The fact is, this administration is as bankrupt as Solyndra. Its Keynesian bromides have failed, and it’s pretty much run through the available supply of academic eggheads that will give it the economic advice it wants to hear.

True, in the face of the disastrous jobs report, Obama on Friday suddenly reined in the Environmental Protection Agency, forcing commissar Lisa Jackson to rescind (for now) a blizzard of vindictive new rules that would have crippled the nation’s coal-fired power plants and sent electricity prices soaring.

Naturally, such common sense has enraged environmentalists. But will Obama be consistent, and also approve the proposed Keystone XL oil pipeline from the Canadian oil-sand fields in Alberta to refineries in the Midwest and the Gulf Coast?
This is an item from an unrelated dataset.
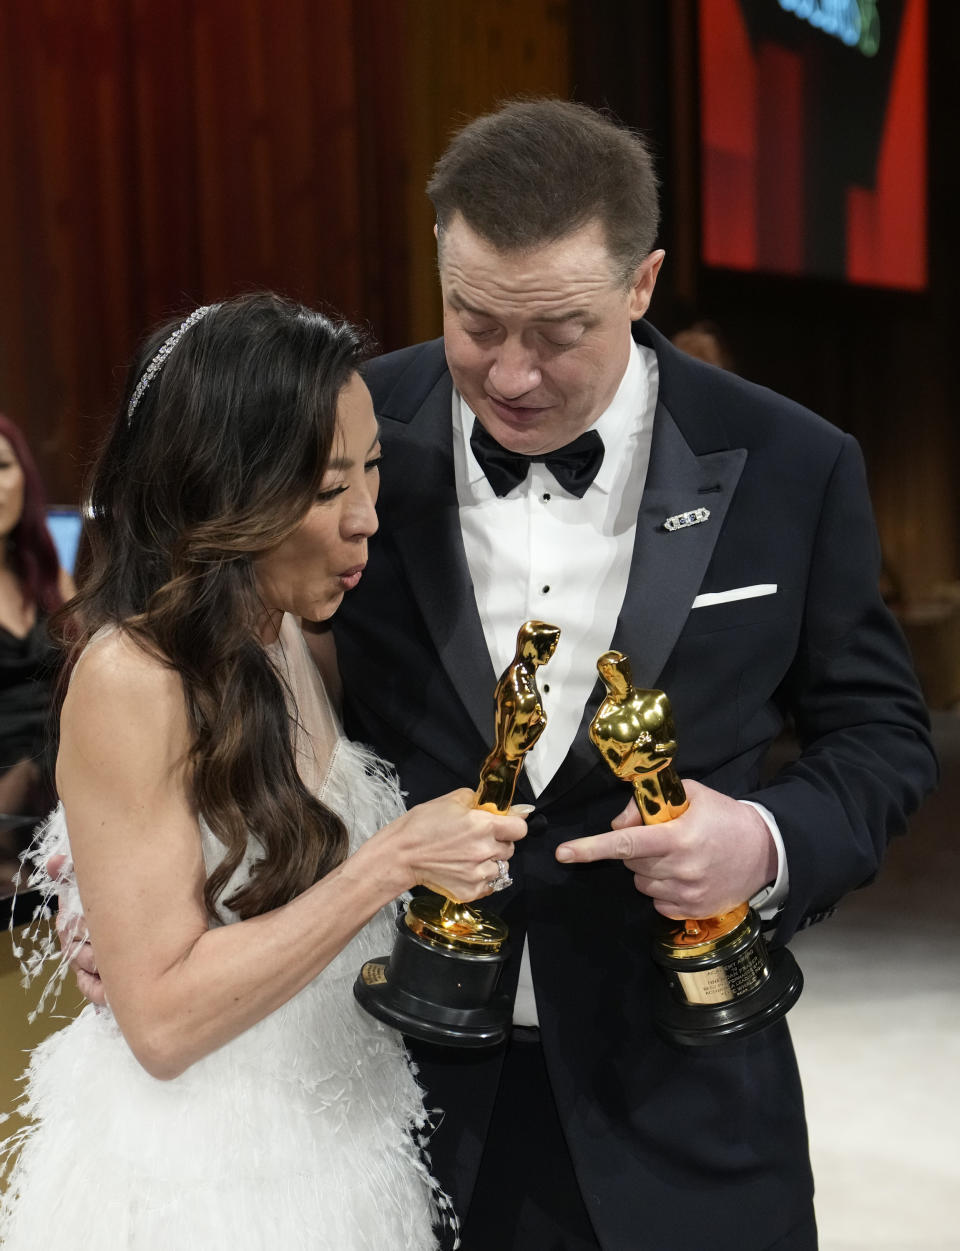 Michelle Yeoh, left, and Brendan Fraser pose with their awards at the Governors Ball after the Oscars on Sunday, March 12, 2023, at the Dolby Theatre in Los Angeles. Michelle Yeoh won the award for best performance by an actress in a leading role for "Everything Everywhere All at Once," and Brendan Fraser won the award for best performance by an actor in a leading role for "The Whale." (AP Photo/John Locher)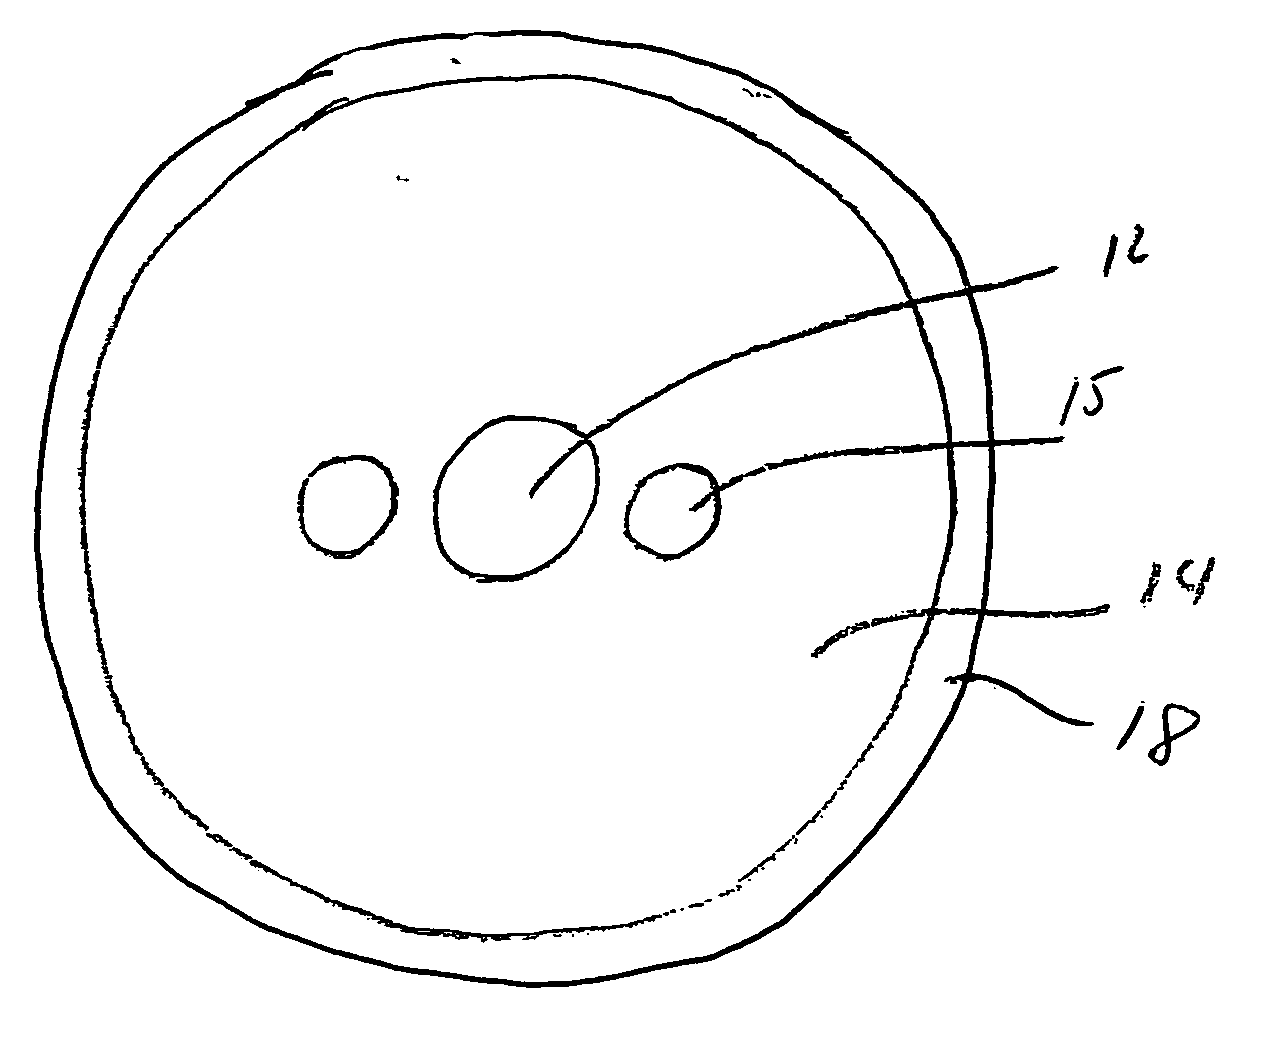 Optical systems utilizing optical fibers transmitting high power signal and a method of operating such systems

Eco-nuts including actress Daryl Hannah protested outside the White House over the pipeline; they’d rather we remain dependent on Saudi Arabia and Venezuela than import oil from a friendly neighbor — and are threatening to withdraw their support from Obama if he OKs it.

Obama is still waffling, promising a decision by year’s end. Why not say yes today — or, better yet, announce the decision during Thursday’s speech?

If the president really wants to jump-start the economy, he should also lift his de facto ban on oil drilling in the Gulf of Mexico, which would put thousands back to work from Florida to Texas. Indeed, if he’s serious about jobs, he’ll promise to halt all new regulation.

Oh, and stop holding up those free-trade treaties because the labor unions don’t like ’em.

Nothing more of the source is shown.